HOW TO COMPLETE THIS TASK.
Output the listing below verbatim, but drop the images.

INFORMATION PROVIDED.
============================================================

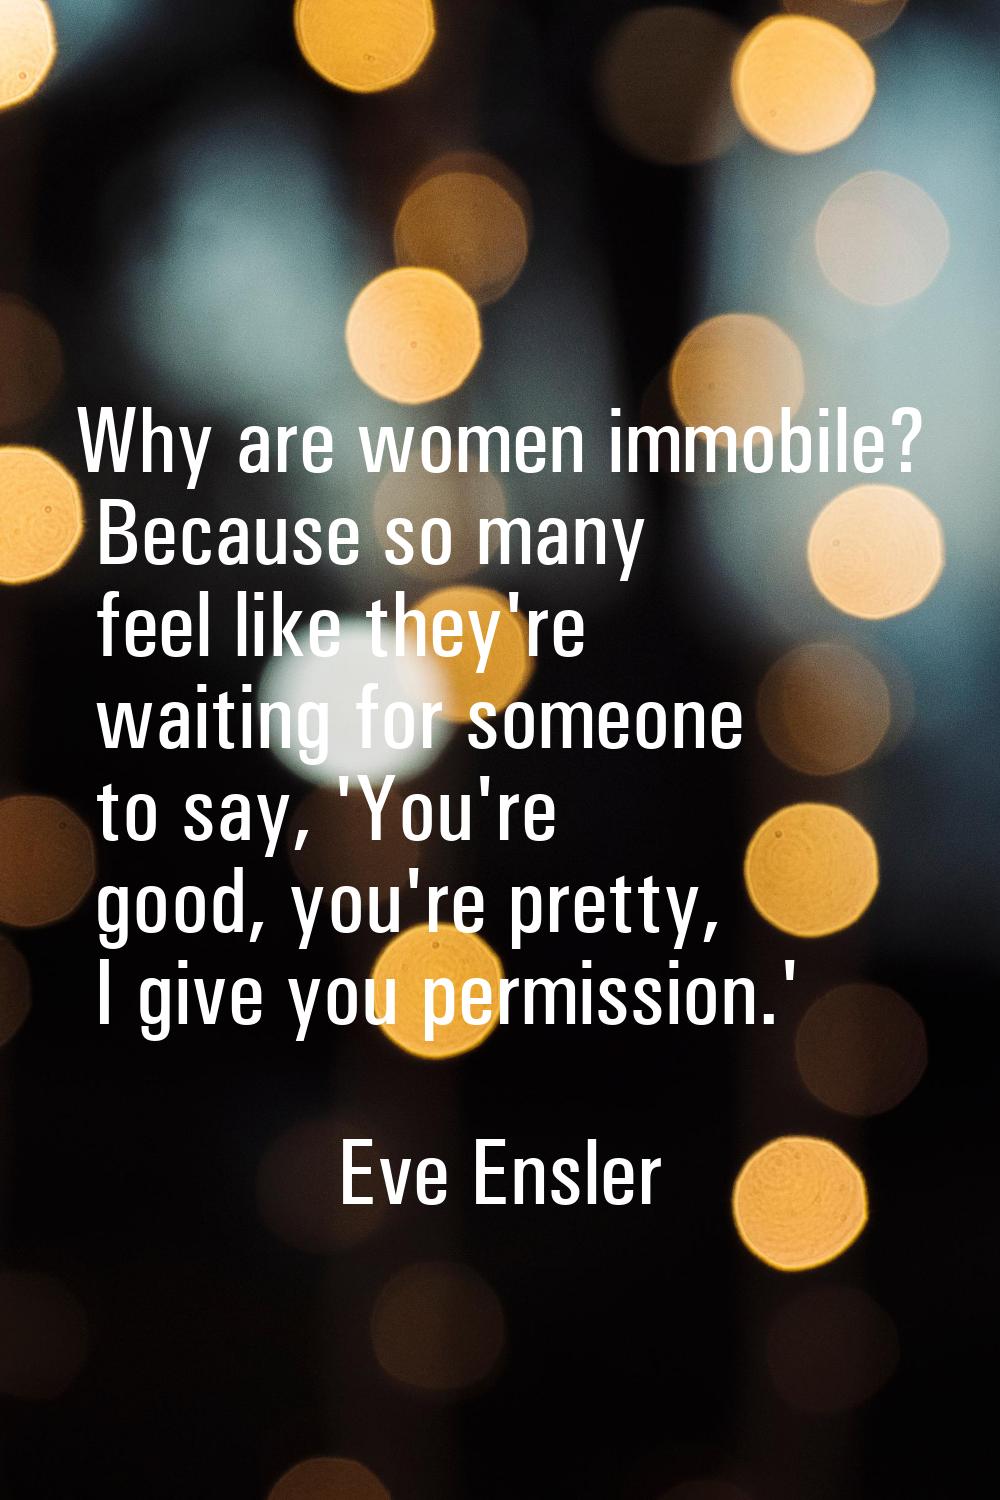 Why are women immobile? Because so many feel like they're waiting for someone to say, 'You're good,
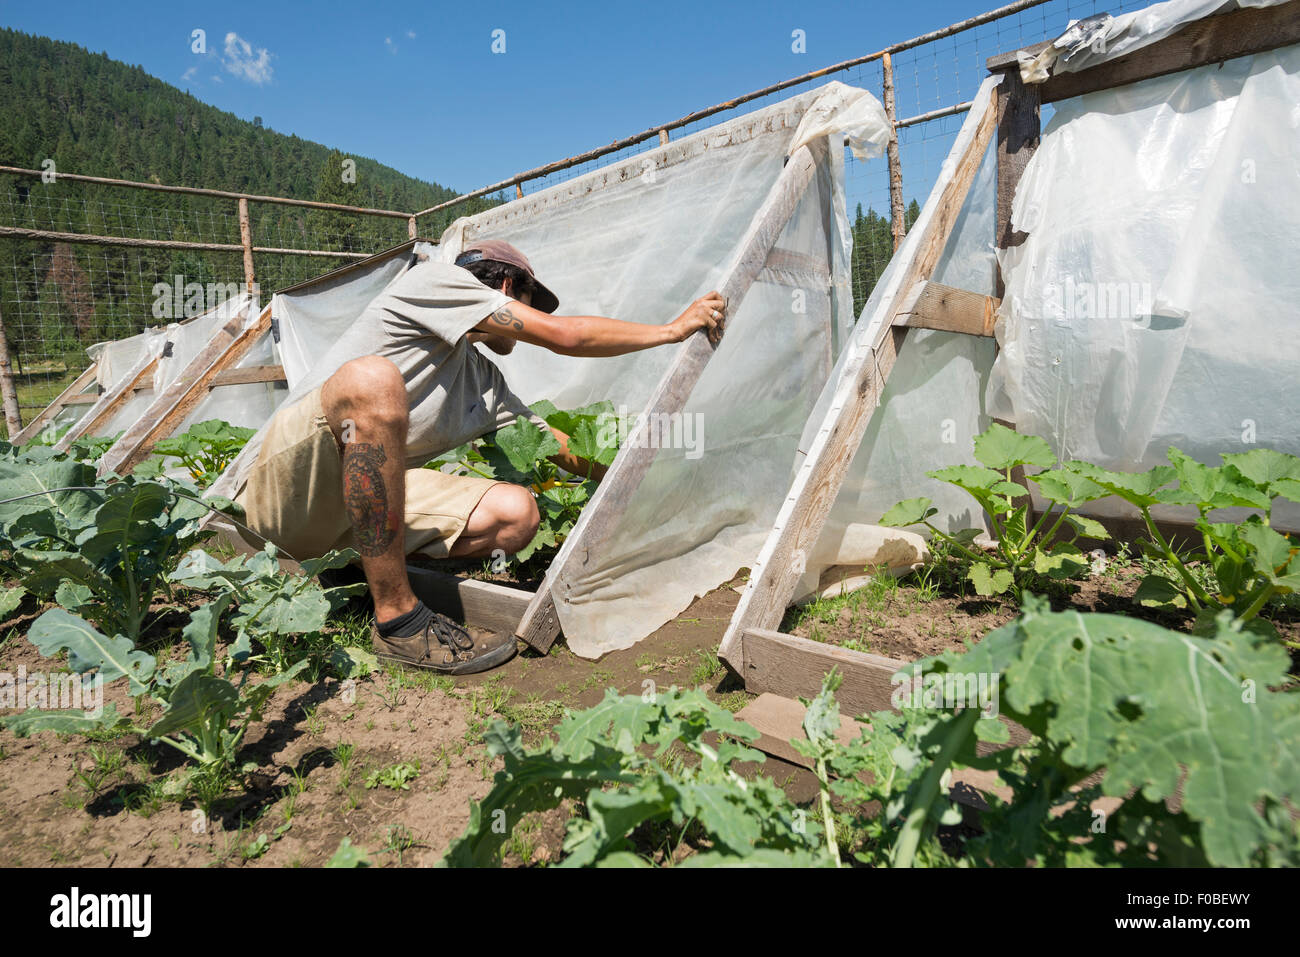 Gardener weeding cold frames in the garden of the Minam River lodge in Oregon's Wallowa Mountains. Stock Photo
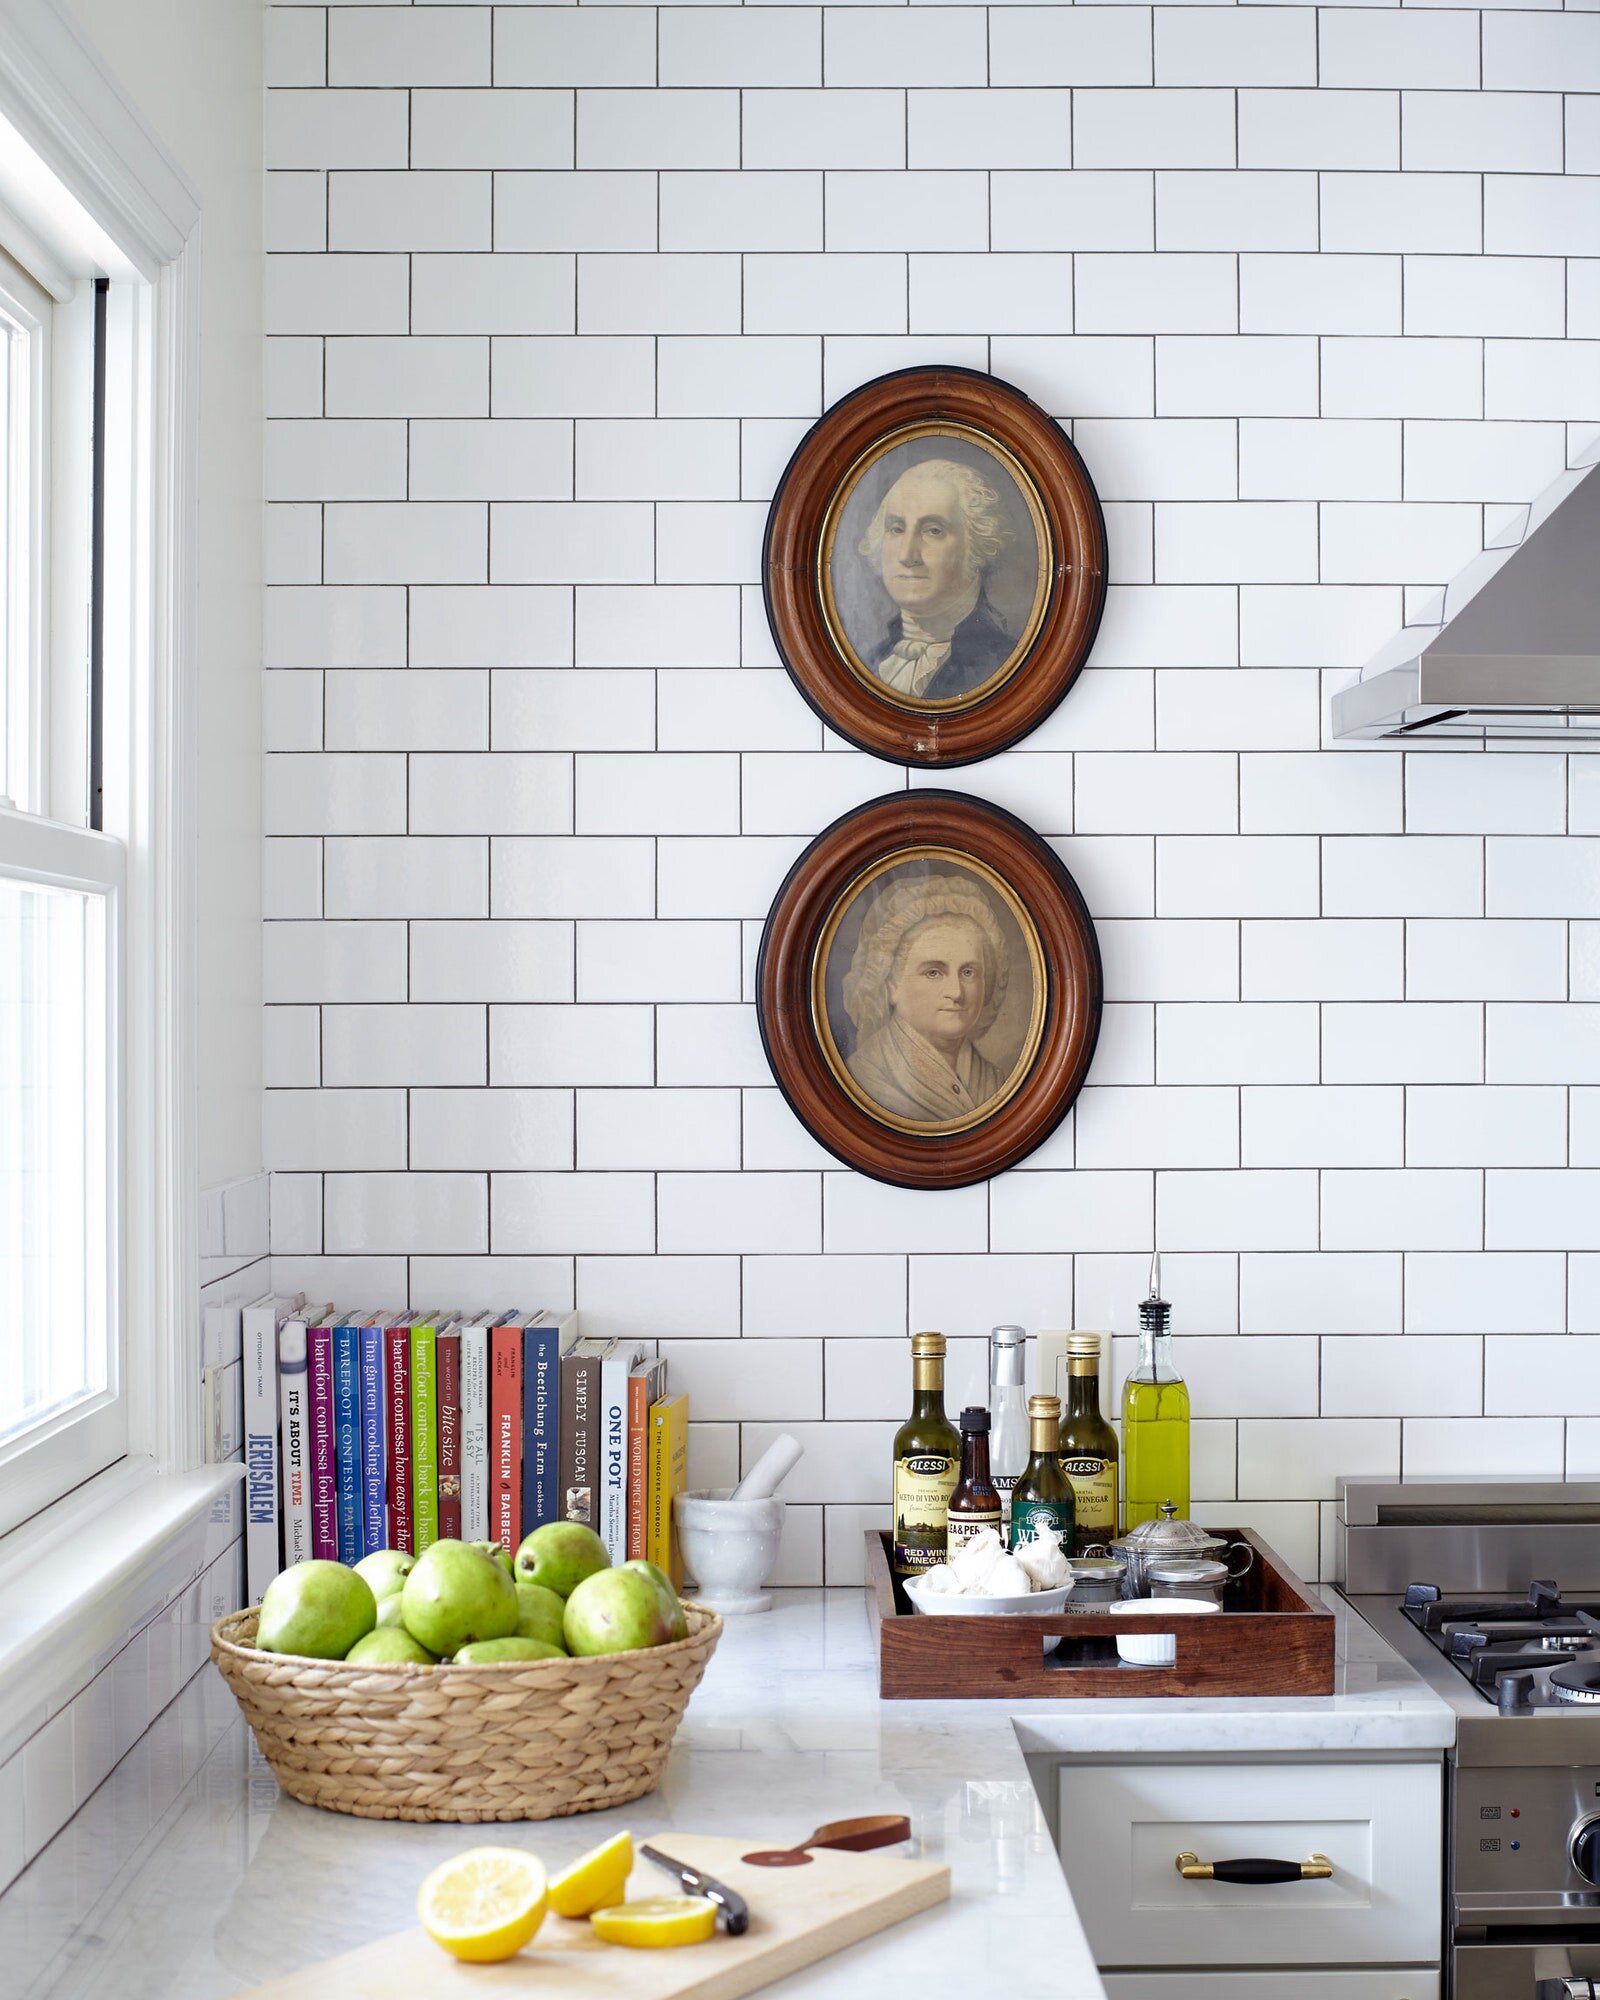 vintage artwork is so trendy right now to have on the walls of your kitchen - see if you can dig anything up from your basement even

============================================================

OUTPUT BELOW.
 Why are women immobile? Because so many feel like they're waiting for someone to say, 'You're good,
 Gardener weeding cold frames in the garden of the Minam River lodge in Oregon's Wallowa Mountains. Stock Photo
 vintage artwork is so trendy right now to have on the walls of your kitchen - see if you can dig anything up from your basement even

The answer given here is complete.